Acute physiological response of mammalian central neurons to axotomy: ionic regulation and electrical activity.

The transection of the axon of central neurons has dramatic consequences on the damaged cells and nerves. Injury activates molecular programs leading to a complex repertoire of responses that, depending on the cellular context, include activation of sprouting, axonal degeneration, and cell death. Although the cellular mechanisms started at the time of lesion are likely to shape the changes affecting injured cells, the acute physiological reaction to trauma of mammalian central neurons is not completely understood yet. To characterize the physiology of the acute response to axonal transection, we have developed a model of in vitro axotomy of neurons cultured from the rodent cortex. Imaging showed that axotomy caused an increase of calcium in the soma and axon. Propagation of the response to the soma required the activation of voltage-dependent sodium channels, since it was blocked by tetrodotoxin.
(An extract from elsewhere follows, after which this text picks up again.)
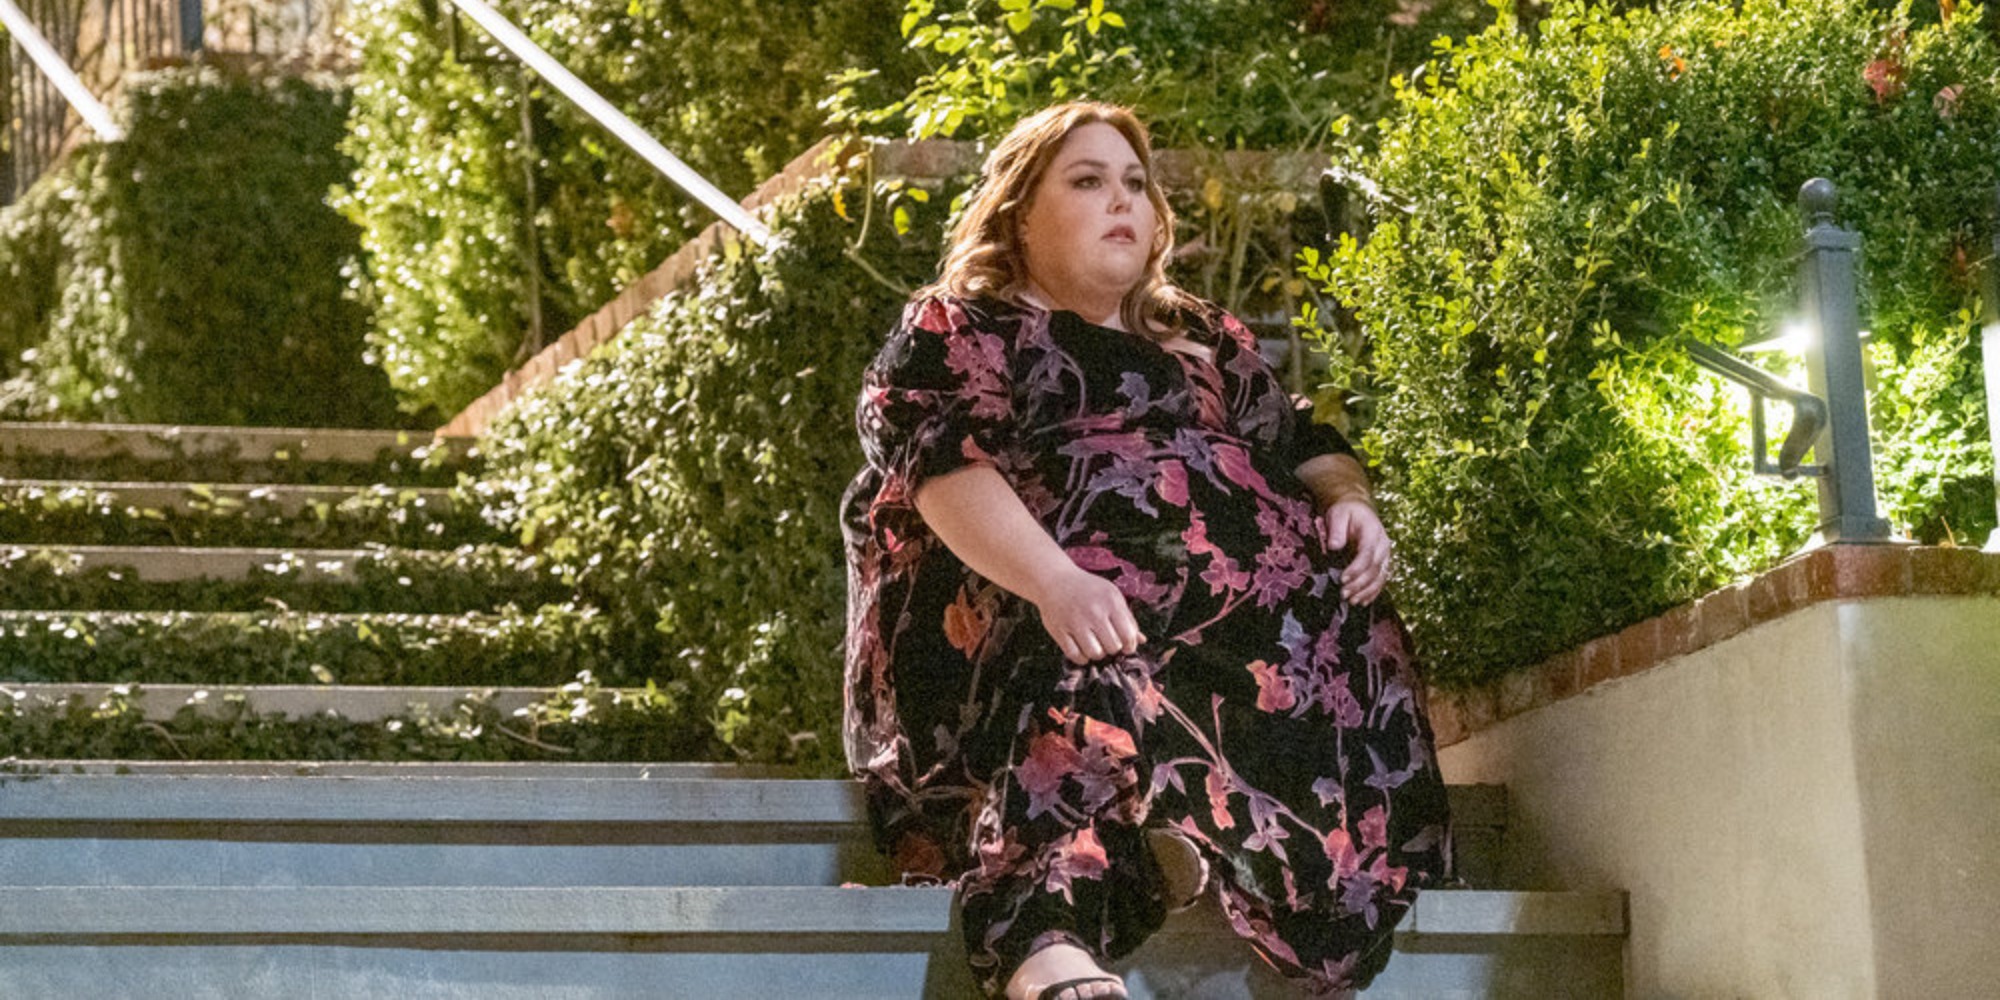 Chrissy Metz on the set of This Is Us.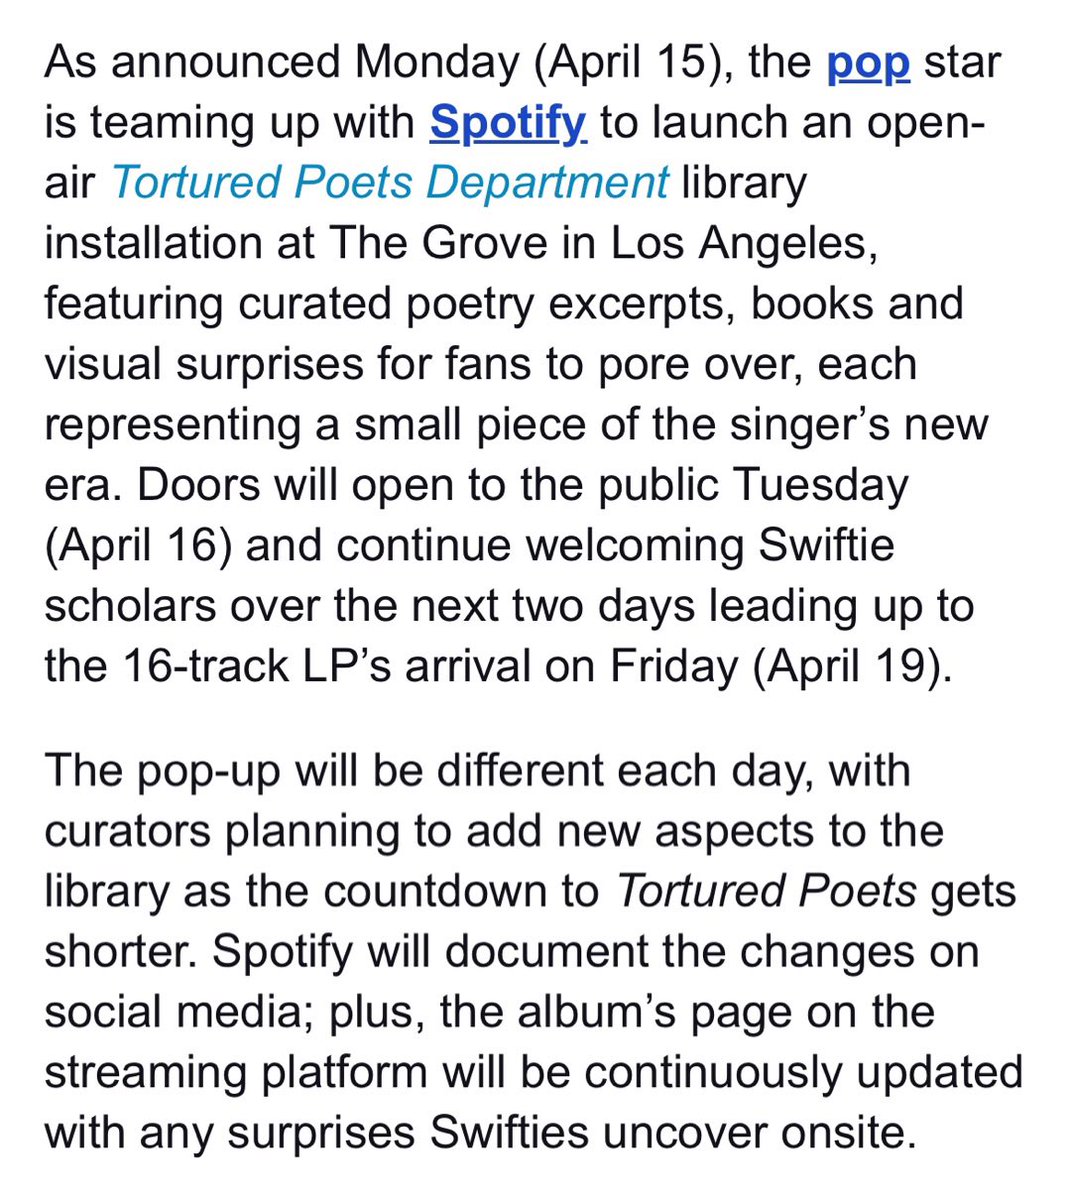 📝| More details about @Spotify's pop-up for TTPD at The Grove! Via @billboard — Features curated poetry excerpts, books, and visual surprises representative of the album. — It will be different each day! New aspects will be added to the library as the countdown shortens.

The electrophysiological response to axotomy was recorded in patched neurons kept in the current clamp configuration: injury was followed by vigorous spiking activity that caused a sodium load and the activation of transient calcium currents that were opened by each action potential. The decrease of the electrochemical gradient of sodium caused inversion of the Na-Ca exchanger that provided an additional mean of entry for calcium. Finally, we determined that inhibition of the physiological response to axotomy hindered the regeneration of a new neurite. These data provide elements of the framework required to link the axotomy itself to the downstream molecular machinery that contributes to the determination of the long-term fate of injured neurons and axons.